▶ [Assignment]: Without any images, write the listing below out word for word.

Top of Dataset content

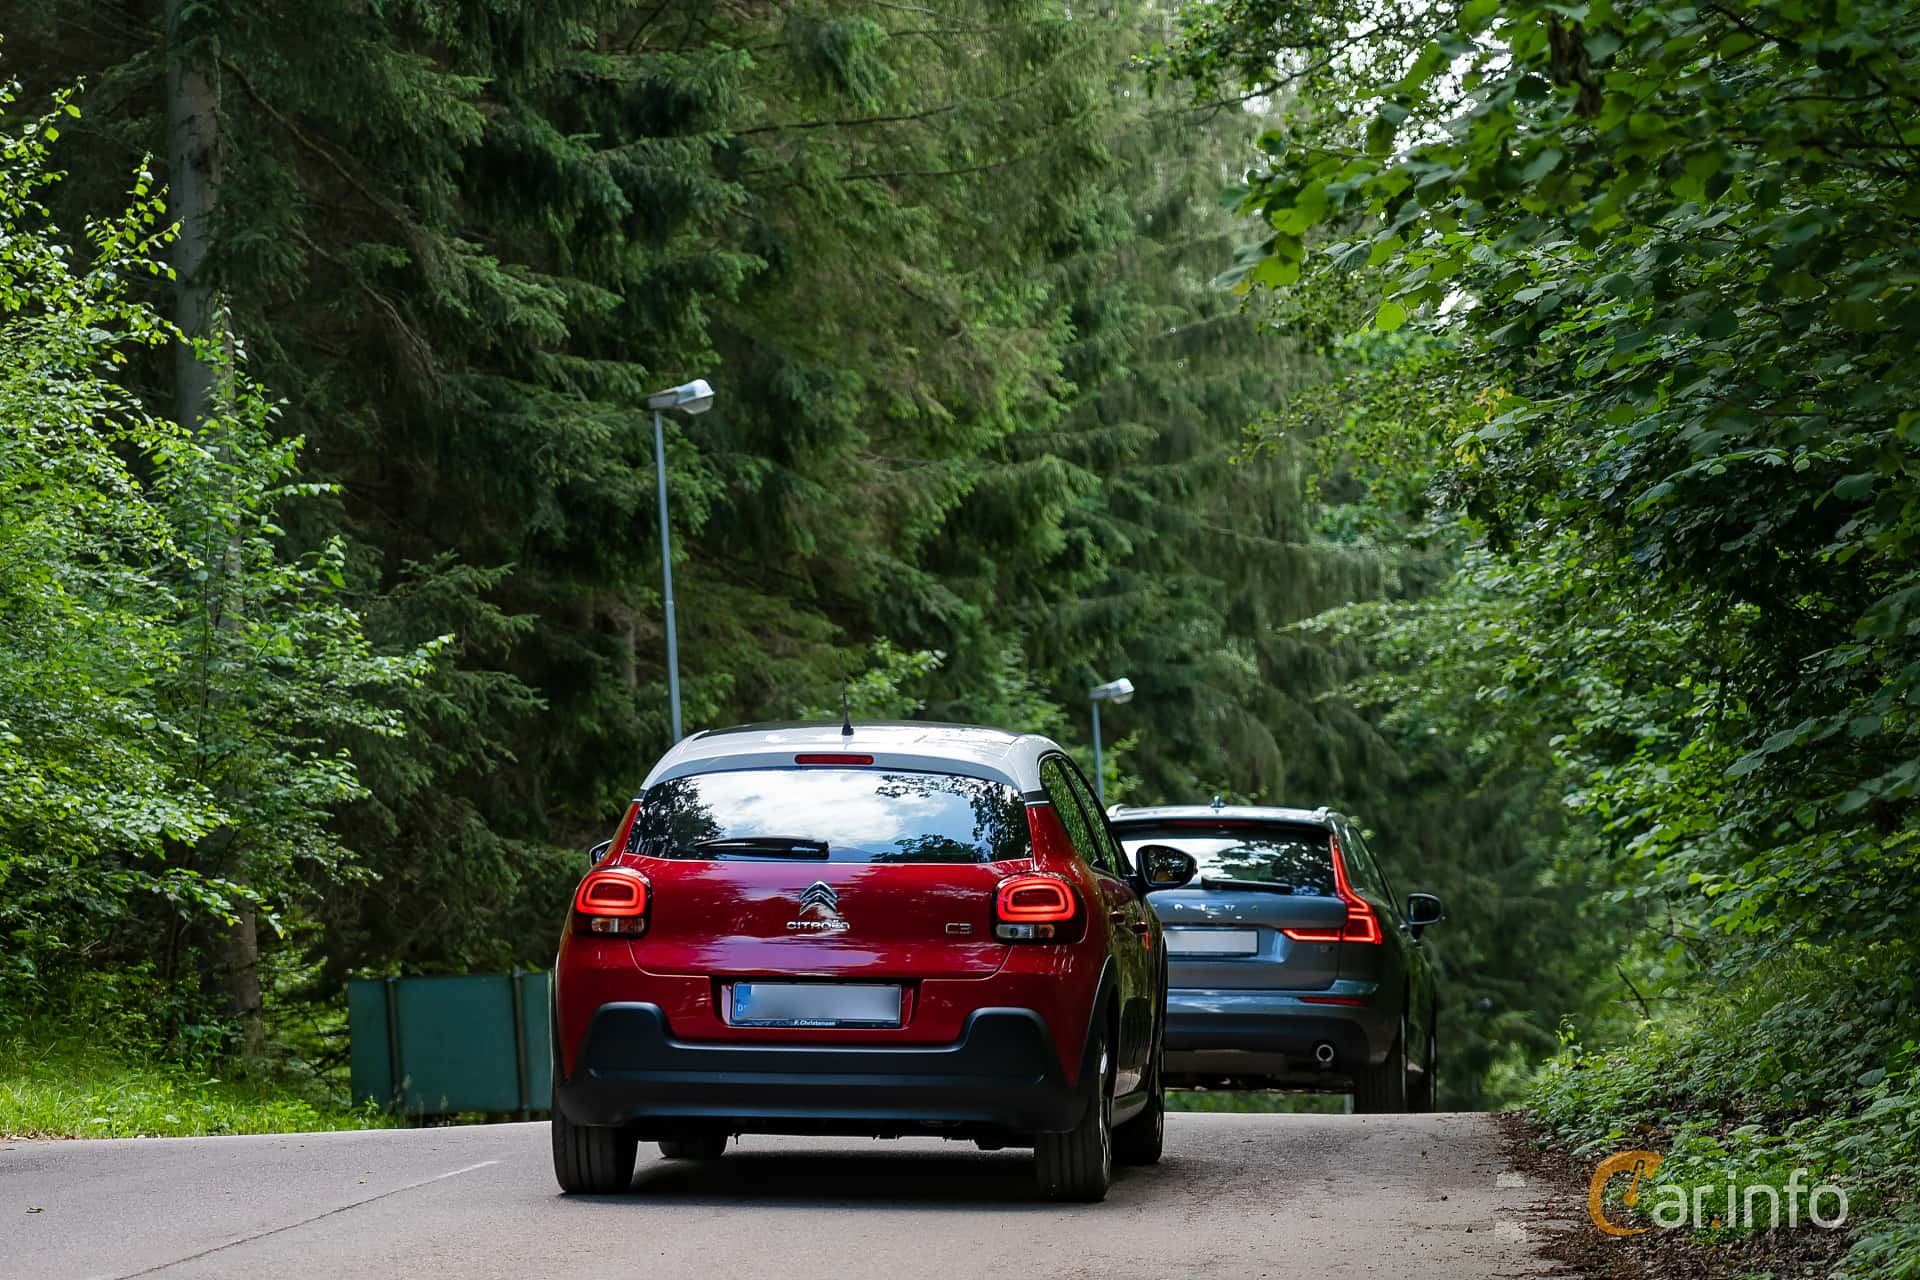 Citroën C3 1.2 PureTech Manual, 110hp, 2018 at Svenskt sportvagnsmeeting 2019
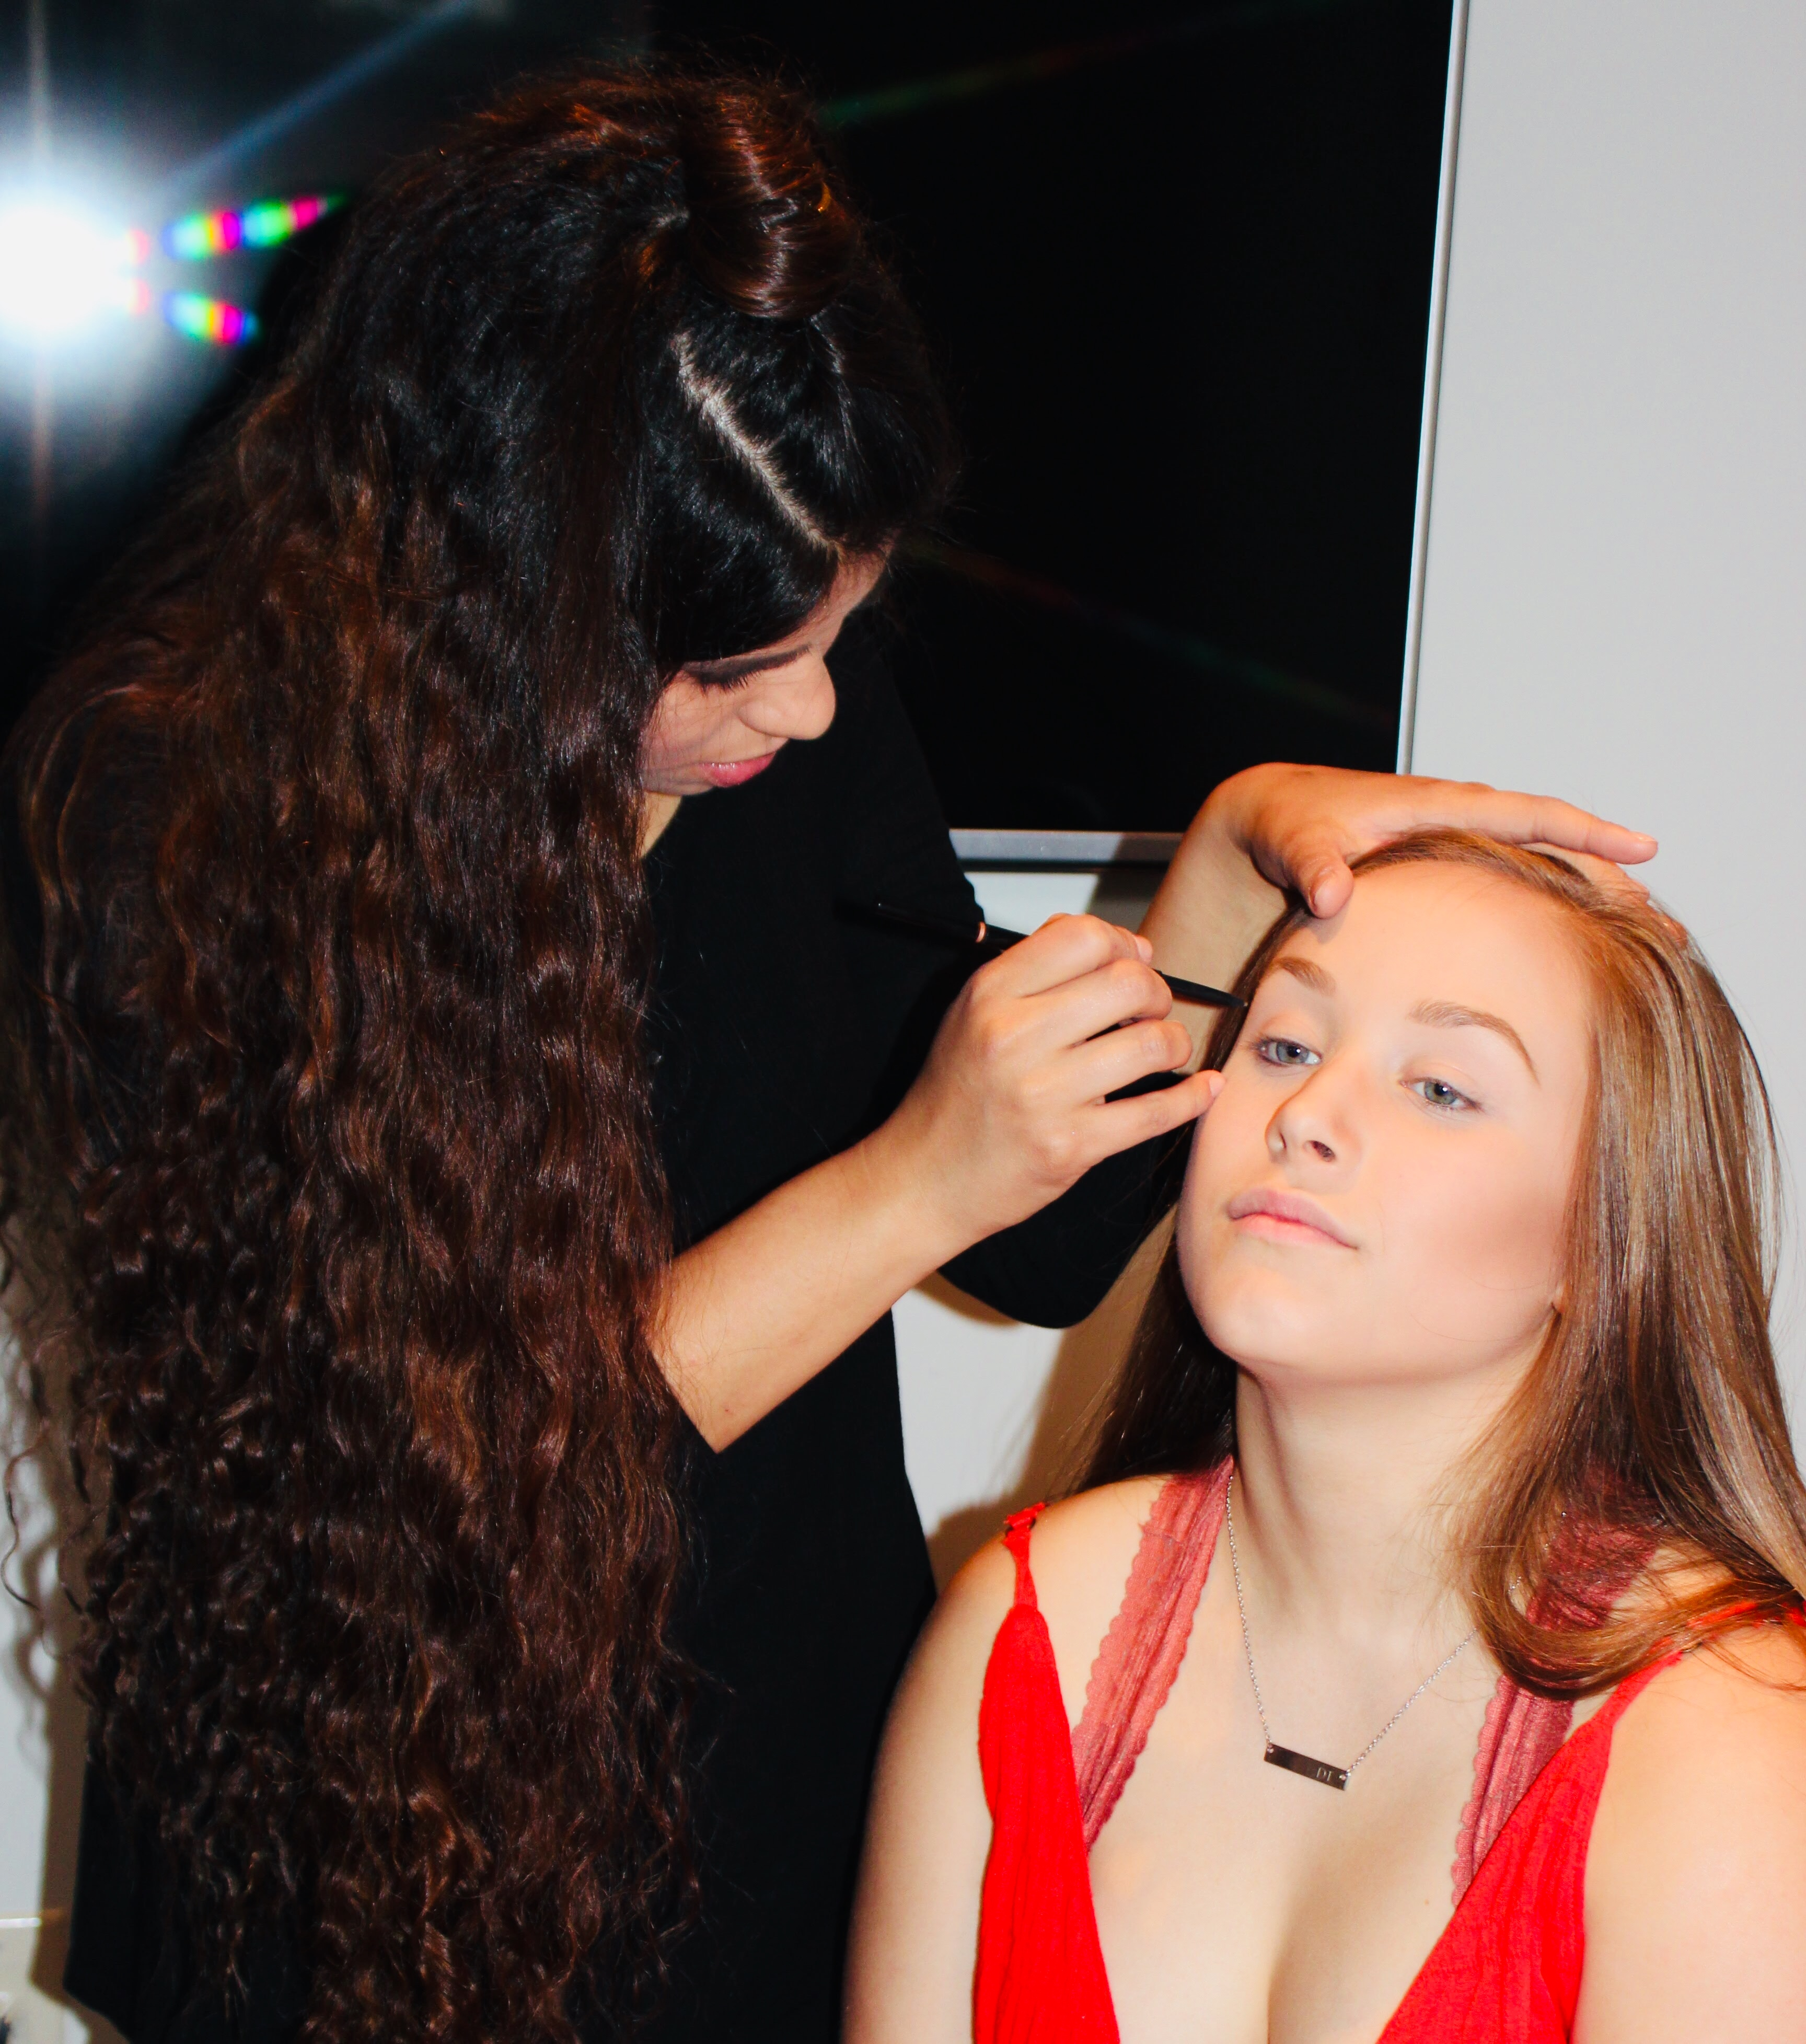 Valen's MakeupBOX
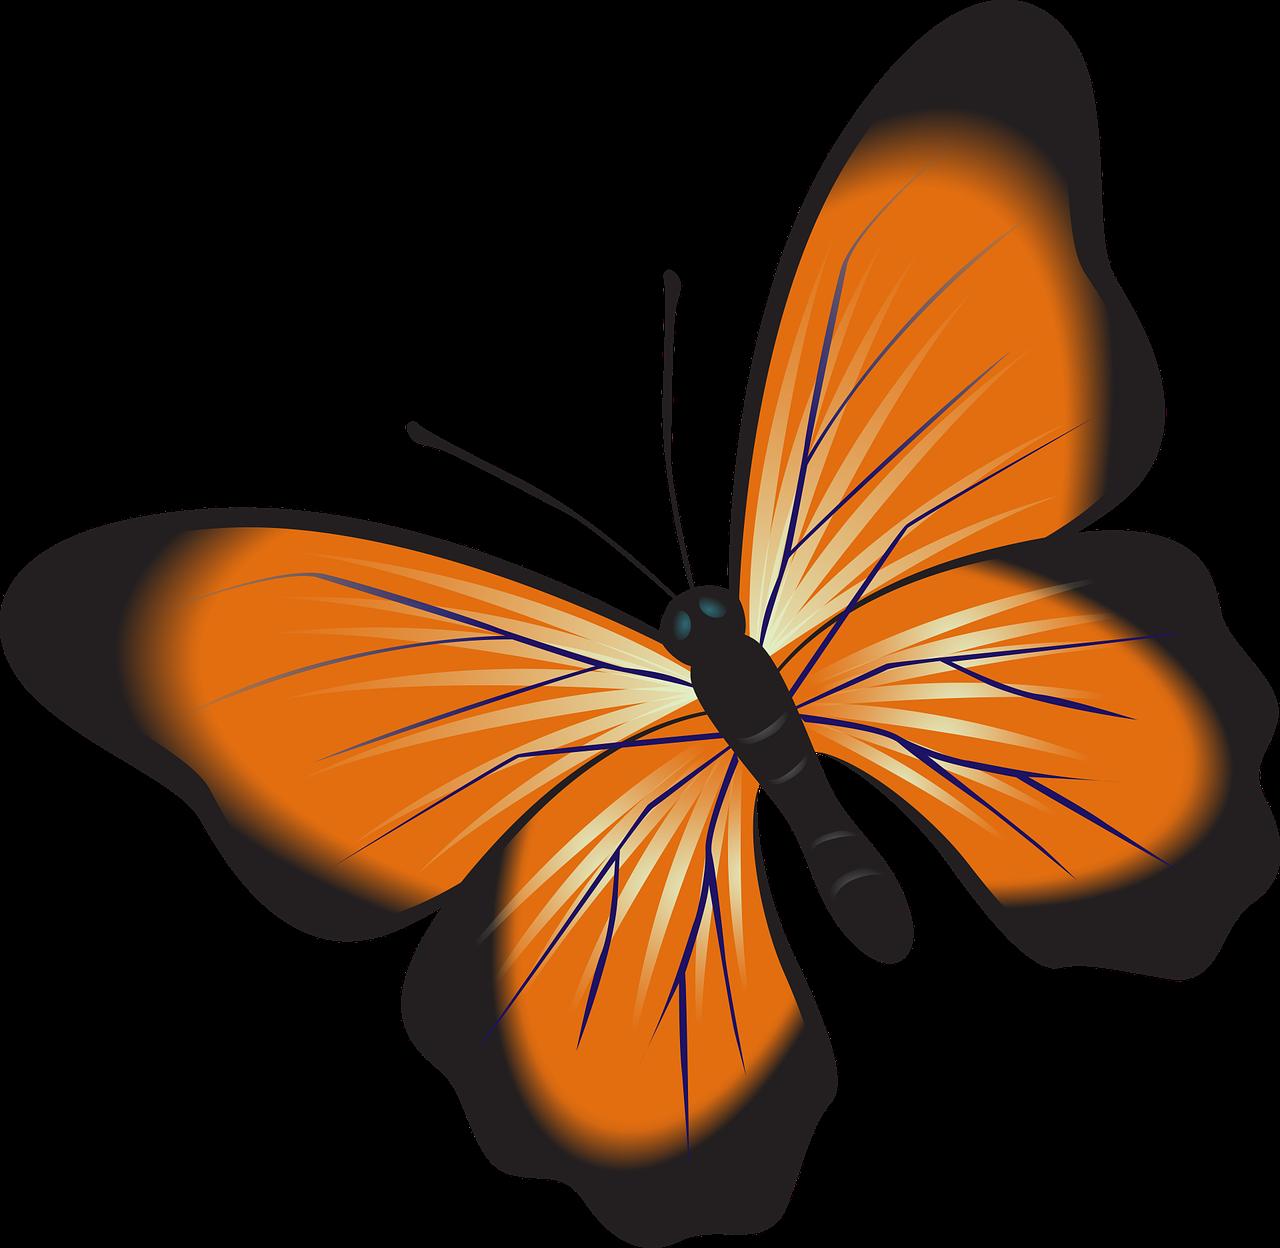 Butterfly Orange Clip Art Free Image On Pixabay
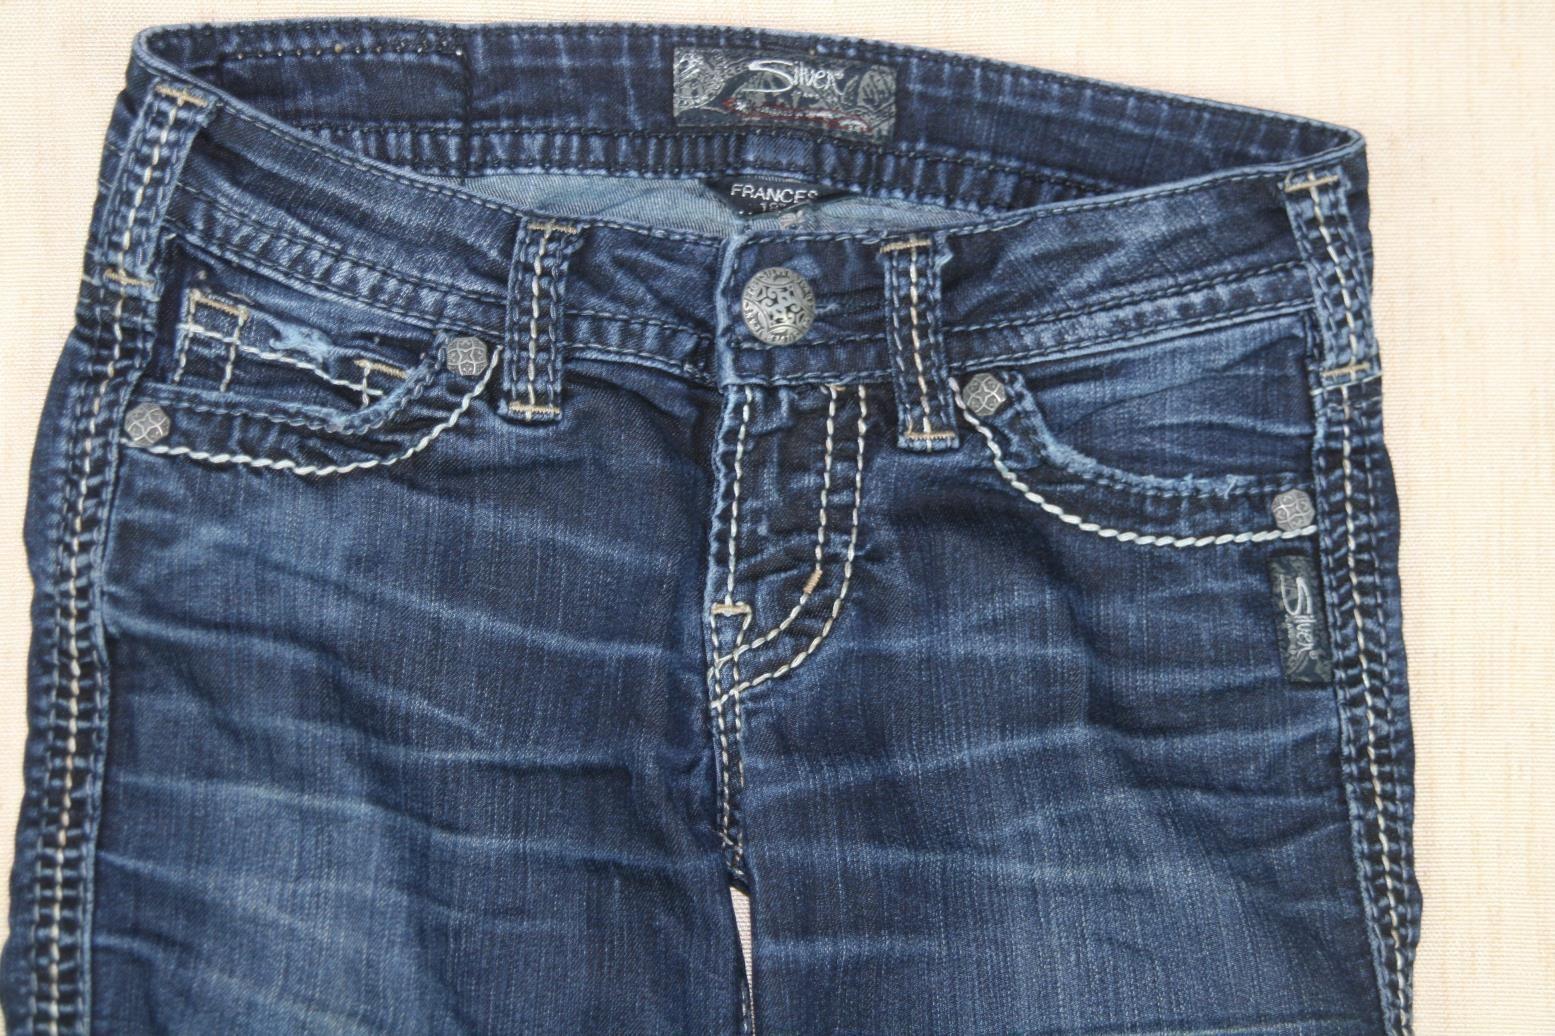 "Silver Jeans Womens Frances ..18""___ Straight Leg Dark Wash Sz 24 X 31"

Bottom of Dataset content

▶ [Answer to the problem]:
 Citroën C3 1.2 PureTech Manual, 110hp, 2018 at Svenskt sportvagnsmeeting 2019
 Valen's MakeupBOX
 Butterfly Orange Clip Art Free Image On Pixabay
 "Silver Jeans Womens Frances ..18""___ Straight Leg Dark Wash Sz 24 X 31"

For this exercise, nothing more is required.